Training Deep Neural Networks on GPUs

Posted on July 26, 2016

After the successful integration of the deep neural network prototype into TMVA described in the last post, the next milestone was the development of a GPU backend for the neural network implementation. While the implementation itself was ready relatively quickly, it took until now to get the code ready for integration into the TMVA master branch and test the implementation on the Higgs benchmark dataset.

The CUDA DNN Backend

This first implementation of a GPU backend for deep neural networks was developed using NVIDIAs CUDA API. While it is also planned to develop an OpenCL backend for the deep neural network implementation in TMVA, the choice to start with a CUDA implementation was mainly based on me being more familiar with the CUDA API as well as the improved (expected) performance on CUDA devices.

The implementation uses cuBLAS for the linear algebra function required in the backend including matrix-matrix multiplication (cublasDgemm) and scaled matrix addition (cublasDaxpy). For the application of activation functions, computation of their gradients, evaluation of loss and regularization functionals as well as application of dropout, the implementation uses its own kernels in order to minimize external dependencies.

Data Transfer

Excessive data transfers are the weak spot of GPGPU programming. GPU computing architectures generally dispose of only a limited amount of directly accessible device memory and transferring data from the host is expensive. While the training of deep neural networks may require the transfer of large amounts of training data to the GPU, the transfers are independent from the actual computation and the training data can therefore easily be preloaded and transfers overlapped with computation.

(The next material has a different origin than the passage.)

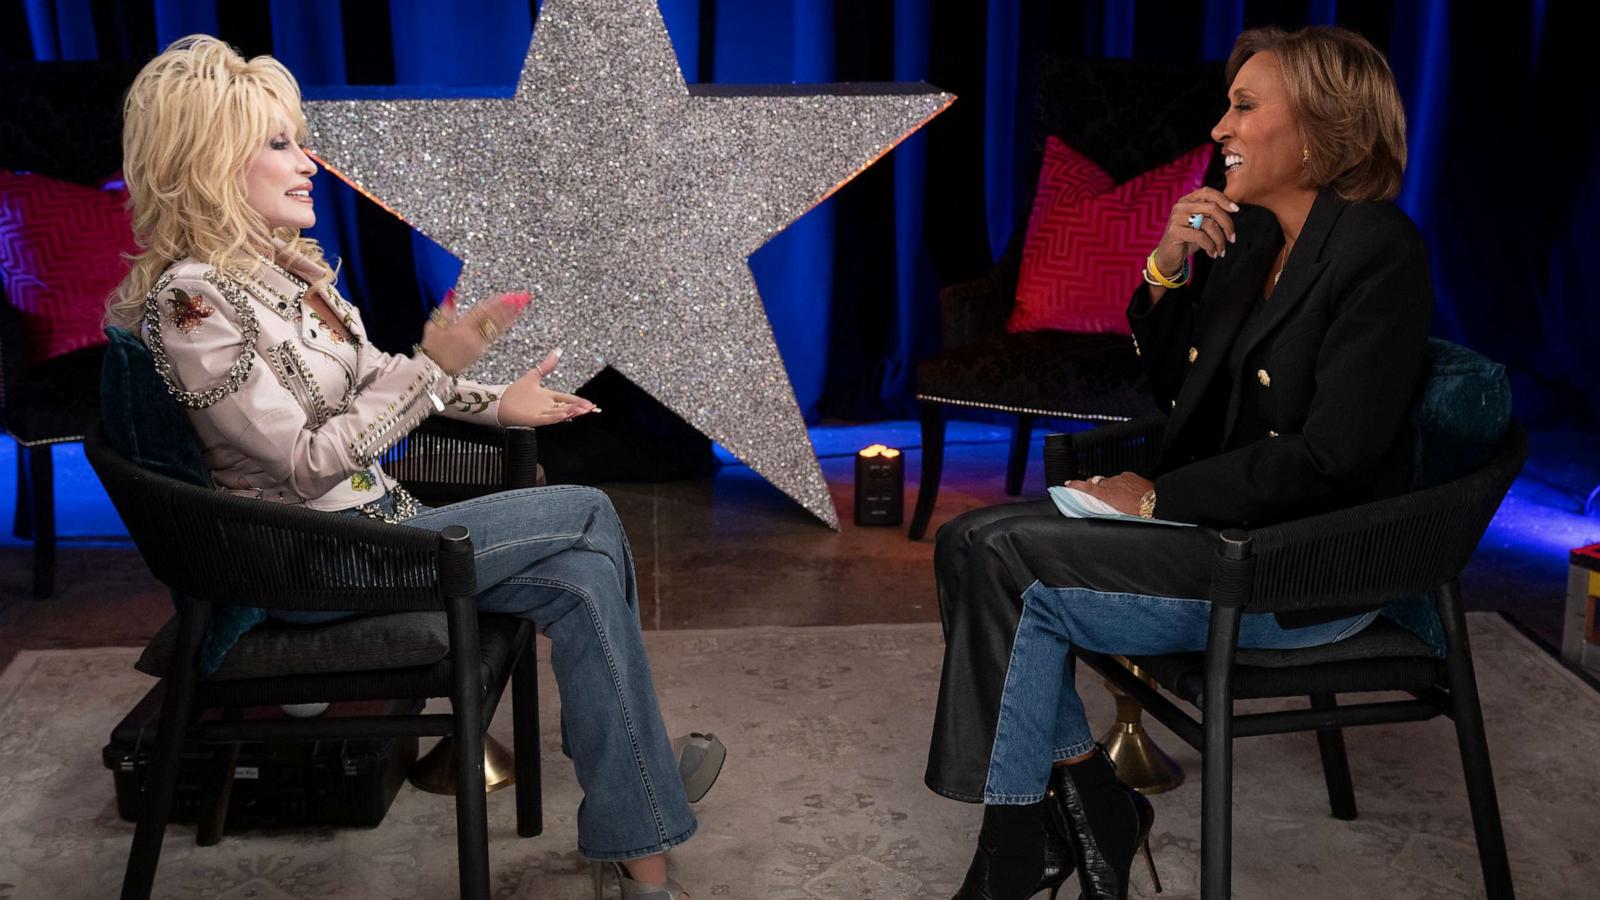 PHOTO: Dolly Parton and Robin Roberts appear in this image from their interview together.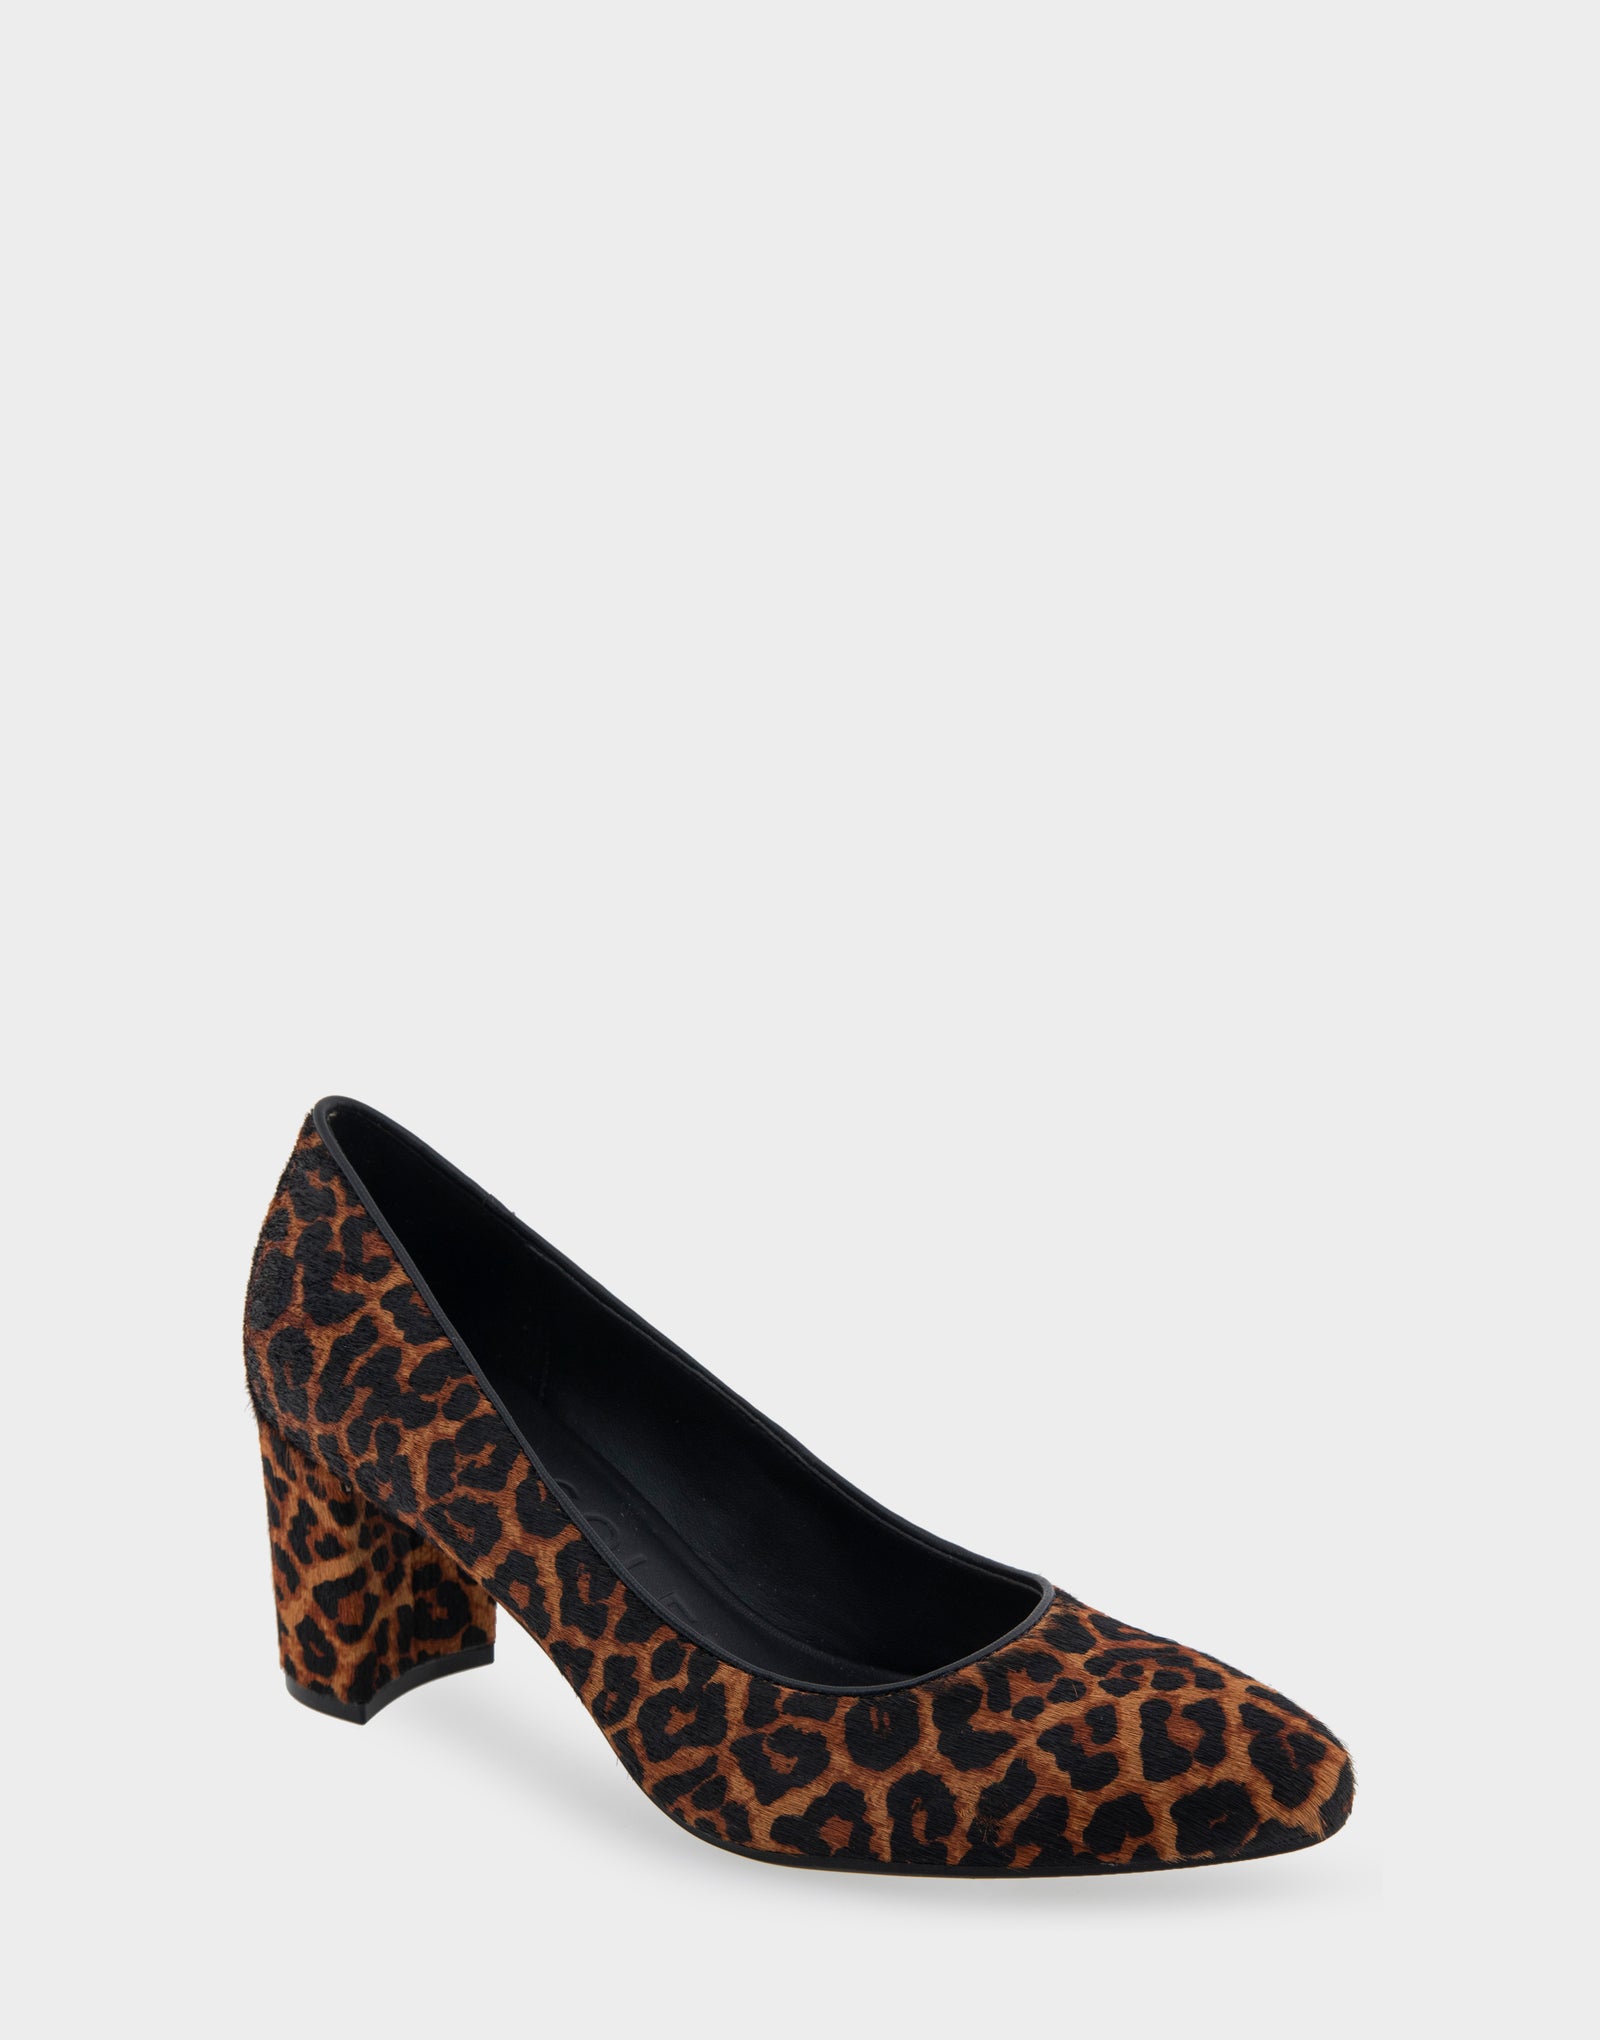 Leopard Print Heels That Will Keep You Stylish and Comfortable

The approach taken here is to continuously stream the data instead of moving all training data to the device at the beginning of the training. This will allow for greater flexibility when running on devices with limited memory or training on very large data sets. The streaming is handled by an architecture specific data loader class. This data loader class provides begin() and end() methods that allow the user to iterate over the batches in a training epoch. Each batch object in turn provides access to the training data through GetInput() and GetOutput() member functions, which return a batch of training data in matrix representation. The class structure of the generic training class and the CUDA backend class is illustrated in the figure below.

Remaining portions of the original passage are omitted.